However, I'd say that the issue is more than having a non-rigorous analysis. It's the wrong analysis for the question your article tries to answer. In the language often used in the analysis of tests, your analyses are essentially examining reliability (how much do student's scores vary on different test items due to "noise"), rather than validity (e.g. how many underlying skills did we test). Or rather, they don't try to separate the two, so cannot make clear conclusions.
I am definitely with you in terms of the goal of the article, and there is a rich history in psychology examining your question (but they do not use the analyses in the article for the reasons above).
You brought a smile to my face. I came here to post this same point.
The piece is kind of making a basic fundamental mistake in measurement, assuming that all variability is meaningful variability.
There are ways of making the argument they're trying to make, but they're not doing that.
Also, sometimes a single overall score is useful. A better analogy than the cockpit analogy they use is clothing sizing. Yes, tailored shirts, based on detailed measurements of all your body parts, fit awesome, but for many people, small, medium, large, x-large, and so forth suffice.
I think there's a lesson here about reinventing the wheel.
I appreciate the goals of the company and wish them the best, but they need a psychometrician or assessment psychologist on board.
I do agree that applying psychometrics would be great, but it's not as simple as it sounds -- the vast majority of work is on multiple choice questions, or binary correct/incorrect.
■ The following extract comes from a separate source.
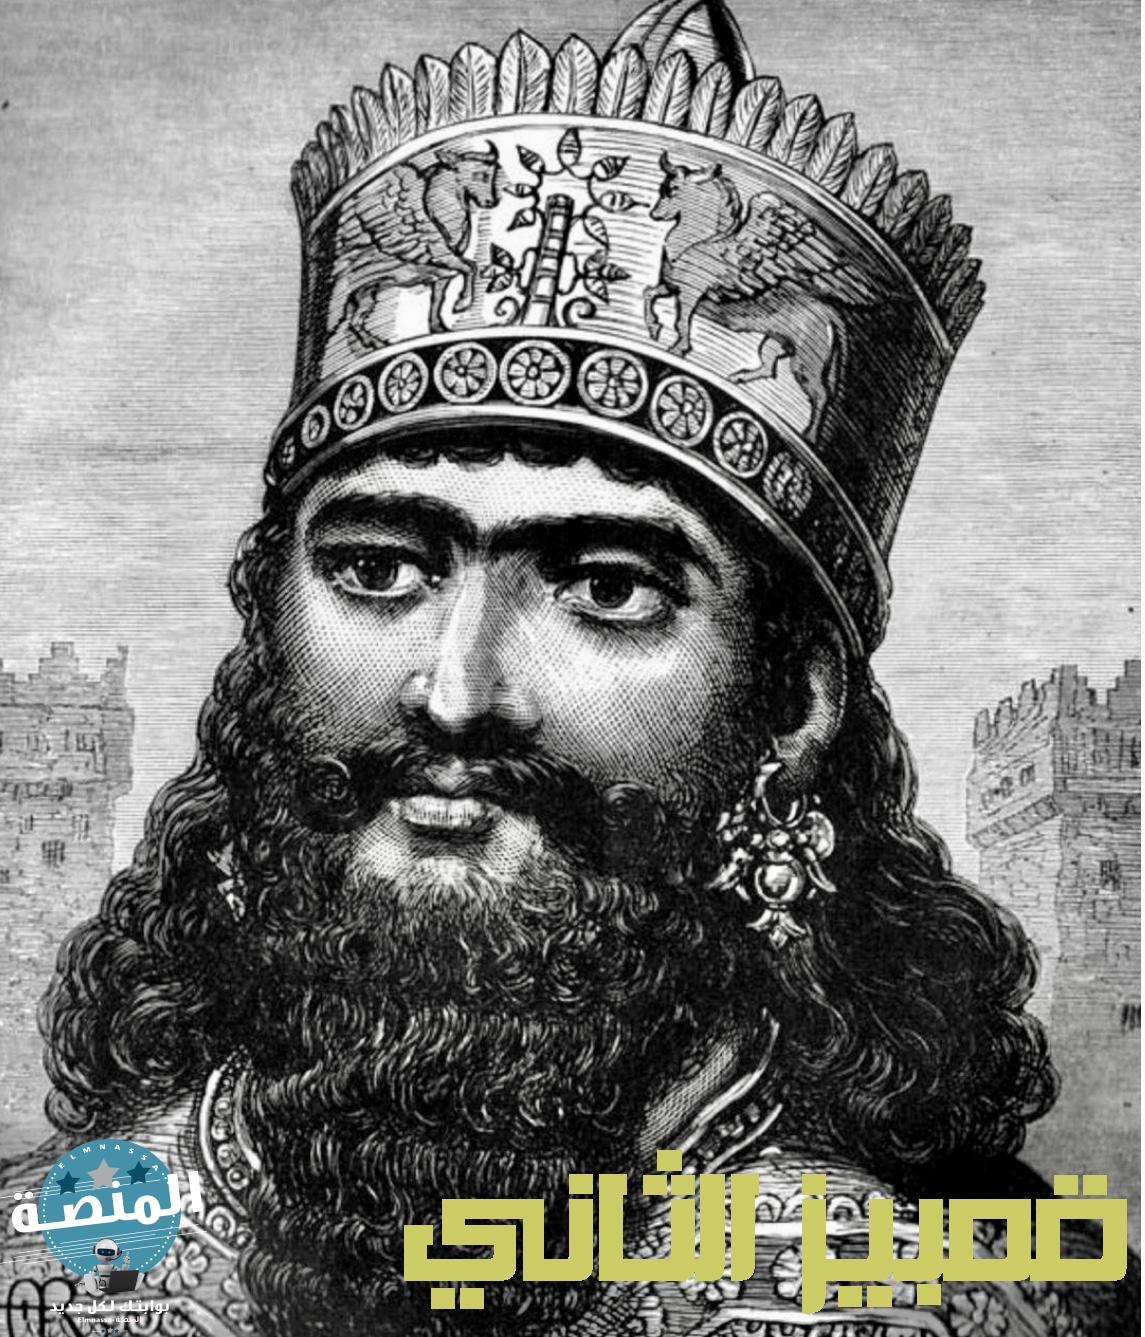 قمبيز الثاني الملك الفارسي الذي قتل نفسه بالخطأ

There is some on free response, but much less.
We aren't trying to make a rigorous statement here -- we're trying to draw attention to the fact that the most common metrics do not give much insight into what a student has actually shown mastery of. This is especially important when you consider that the weightings of particular questions are often fairly arbitrary.
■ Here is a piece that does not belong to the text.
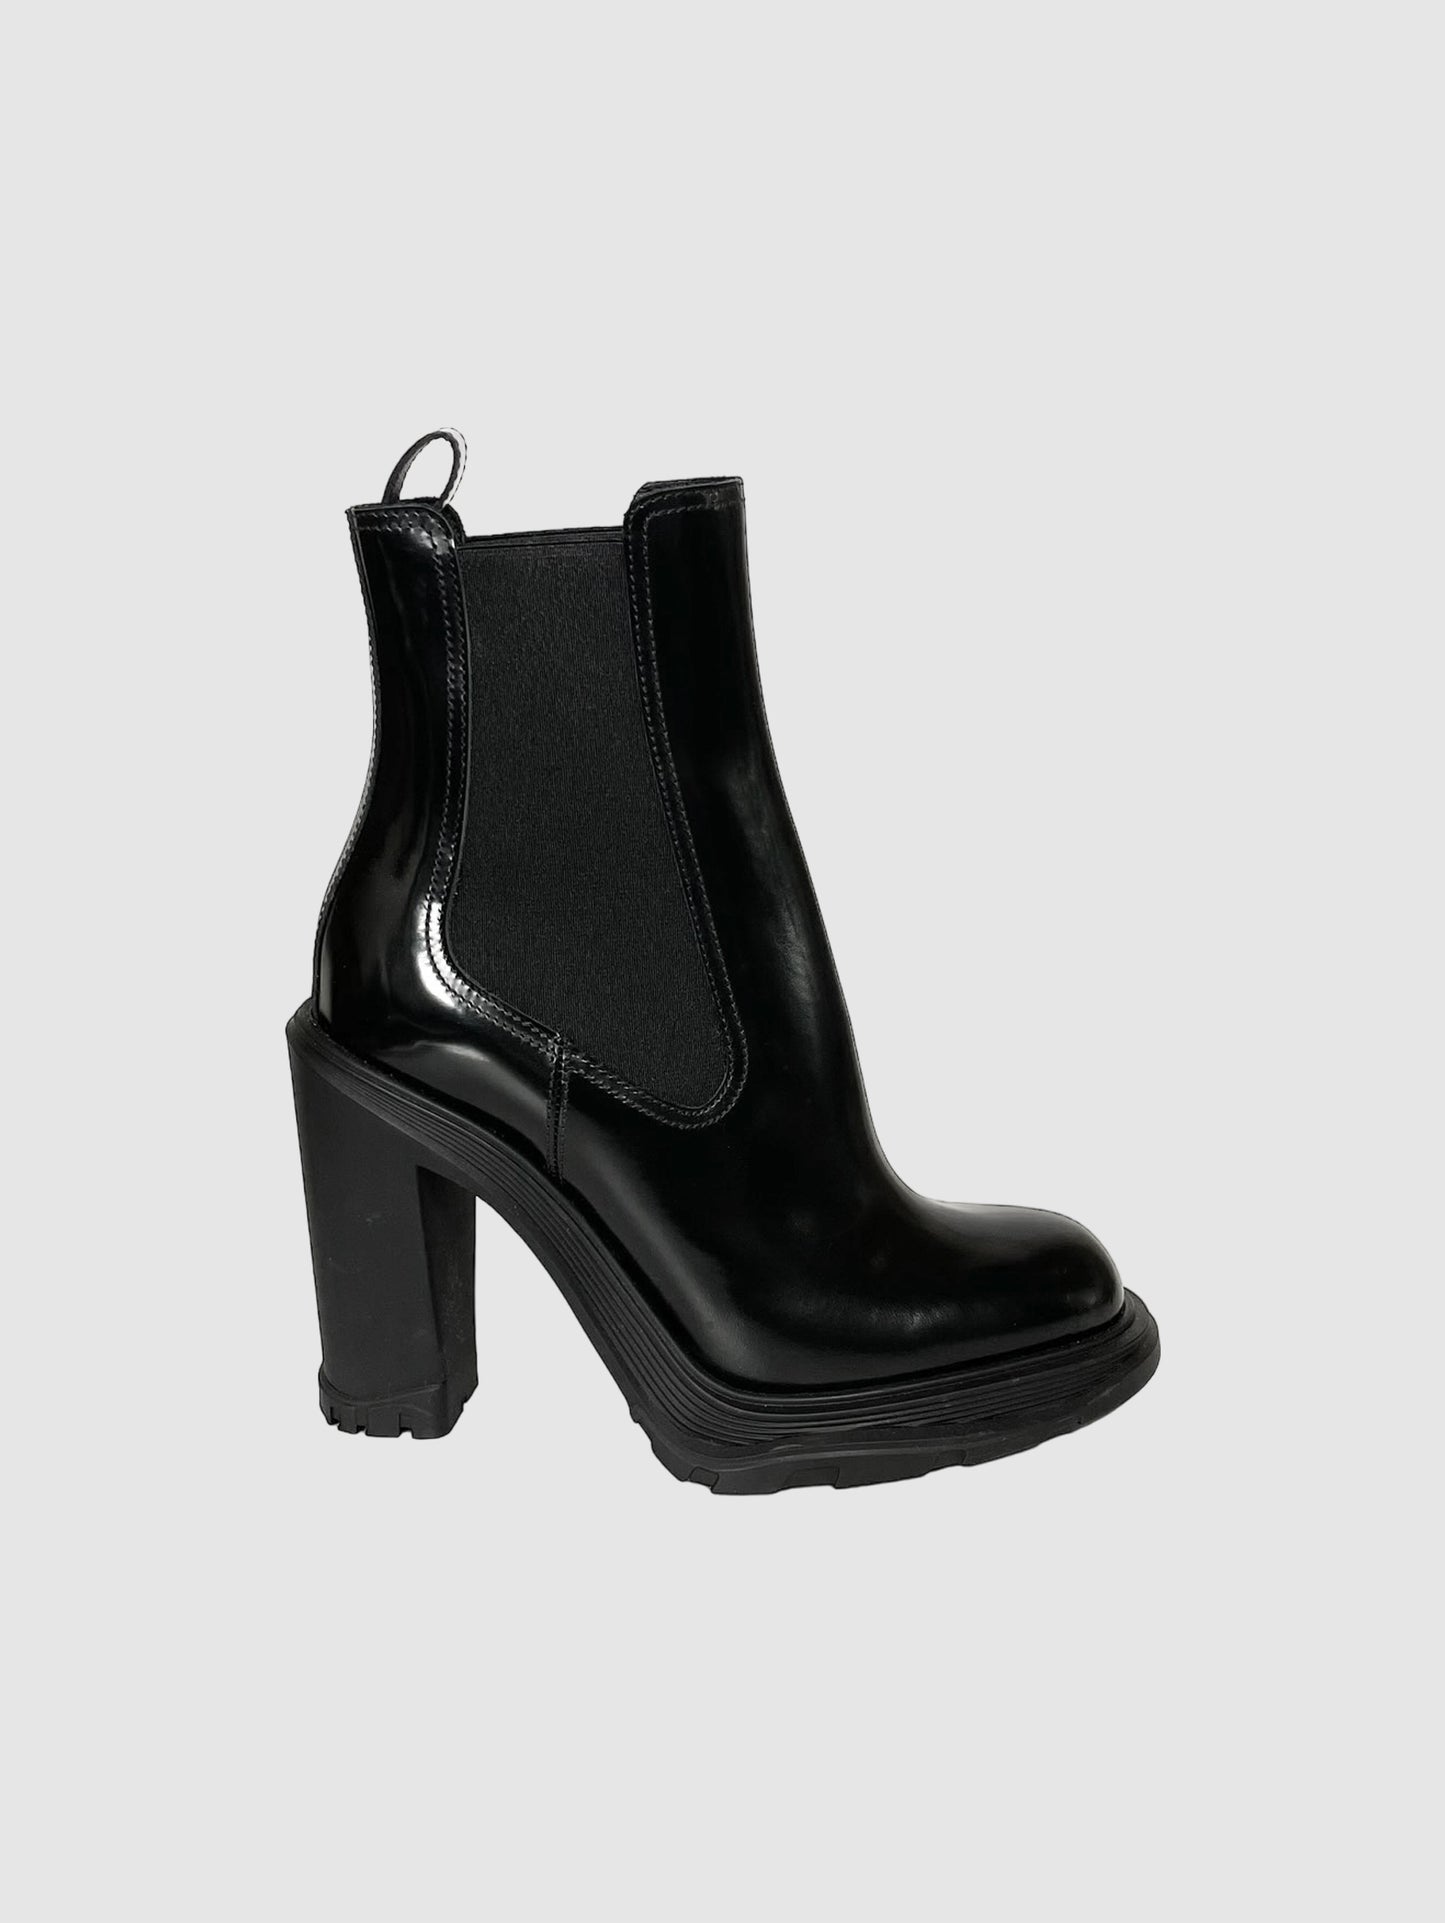 Alexander McQueen Tread Heeled Chelsea Boots - Size 37.5

I certainly agree that all variability is not meaningful variability, but I'd push back a bit and say that there's meaningful variability in what's shown here. We'll go into more depth and hopefully have something interesting to report.
I've also seen a fair number of comments stating that this is not a surprising result. I'd agree (if you've thought about it), but if you look at what's happening in practice, it's clear that either many people would be surprised by this, or are at least unable to act on it. We're hoping to help with the latter.
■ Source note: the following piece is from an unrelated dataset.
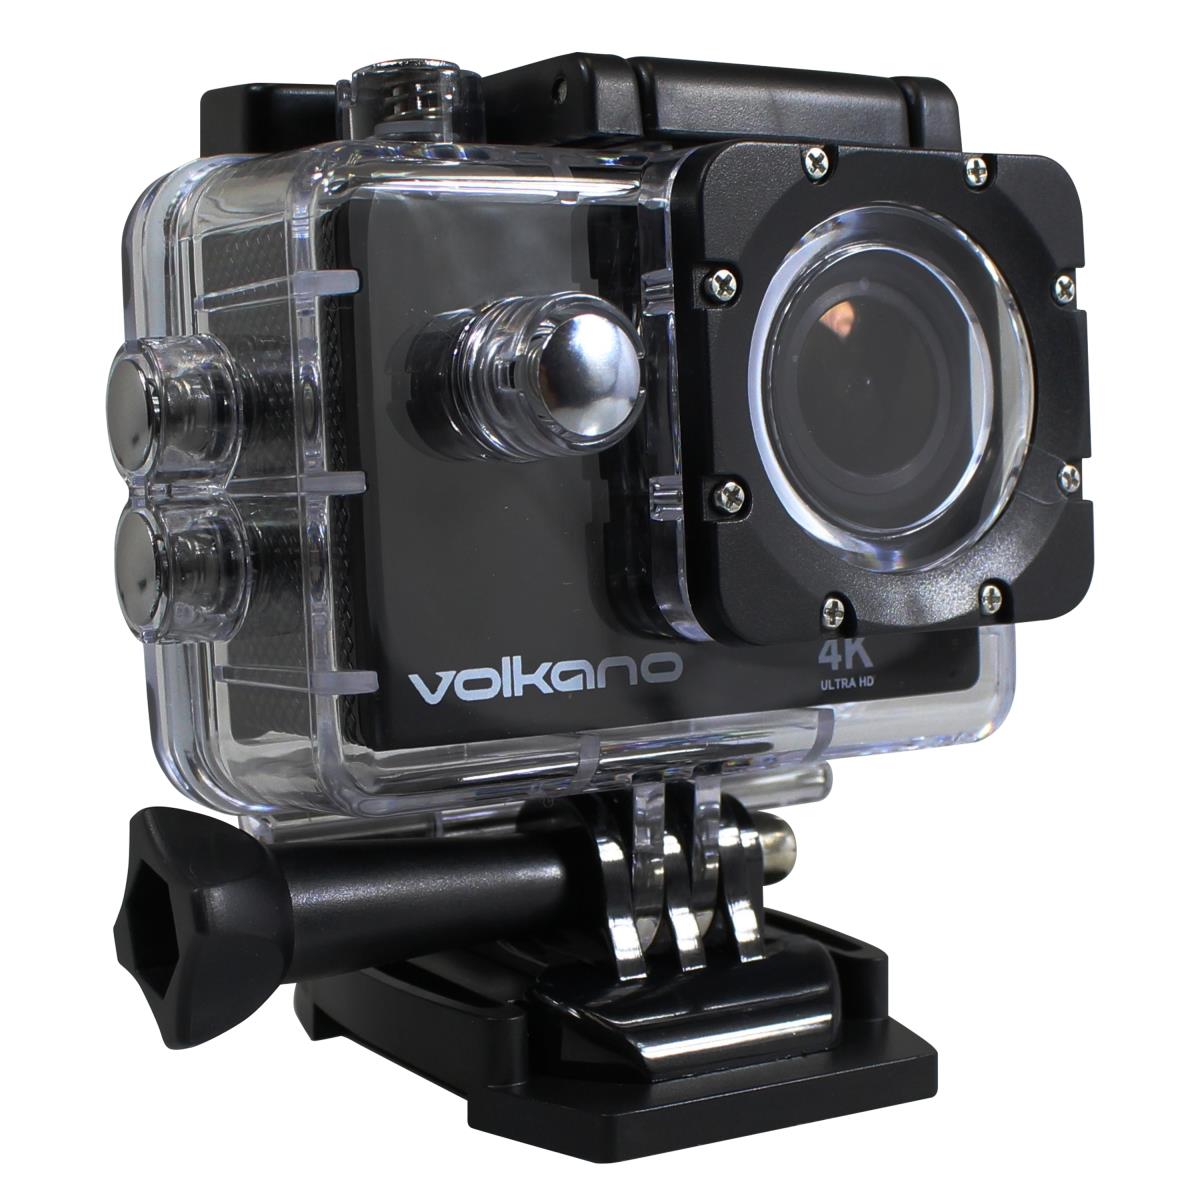 Volkano Extreme Series 4K UHD Action Camera

IRT modeling doesn't care much whether an item is free response or not, just the scale on which it's scored. Binary and polytomous scoring = IRT model. Continuous scoring = Factor analysis.
If by mentioning free response, you mean students are unlikely to guess the correct answer, even when they don't know it, it's a 2 parameter IRT rather than 3.
Does this article say anything more profound than, "If you roll 10 dice, you'll expect a score of 35, however any pair of rolls which sum to 35 are unlikely to be similar."
All the worst students will be very similar and all the best students will be very similar because the number of available states is low. Average students are all unique in their average-ness.
Am I missing some subtle statistical understanding that the toy example doesn't capture?
I think the article's contention is that on-the-ground teachers expect that two people coming out of a high school Algebra II with C+'s are similar. (Certainly that is my working hypothesis.) The article argues that it ain't so.
That's interesting that it's your working hypothesis! I have never thought grades correlated very well with anything at all. It's interesting to hear from someone who does not intuitively view it that way.
This is exactly what we think is a fairly common attitude -- thanks for stating it so clearly! It has ramifications both within a single class and when you think about how prerequisite and dependent classes are structured.
How do you think it could be done differently? Student need to be judged for who moves ahead. That is, I have people in Calc I and I have to decide who moves on to Calc II. I can't send the next instructor a poset of their competence. I cannot require that everyone be competent at everything. I wonder what is your proposal?
>Out of 4,063 pilots, not a single one fell within the average 30 percent on all 10 dimensions.
I wondered about a very similar problem some weeks ago. I was bothered about the terms "ectomorph" and "mesomorph" because they seemed useless once you considered height: the vast majority of "ectomorphs" seemed to be taller than the average while the vast majority of "mesomophs" seemed to be of average height, so there's no point to these words. And so I wondered how would shoulder width would change given height (which seems to have some kind "decreasing returns"), and how the average measures would relate to actual average build. I mean, is the "average guy" really the guy with the average height and average shoulders? Because it's not as if the scale had just changed, like doubling the size of a cube, but there seems to be some deformation going on as well.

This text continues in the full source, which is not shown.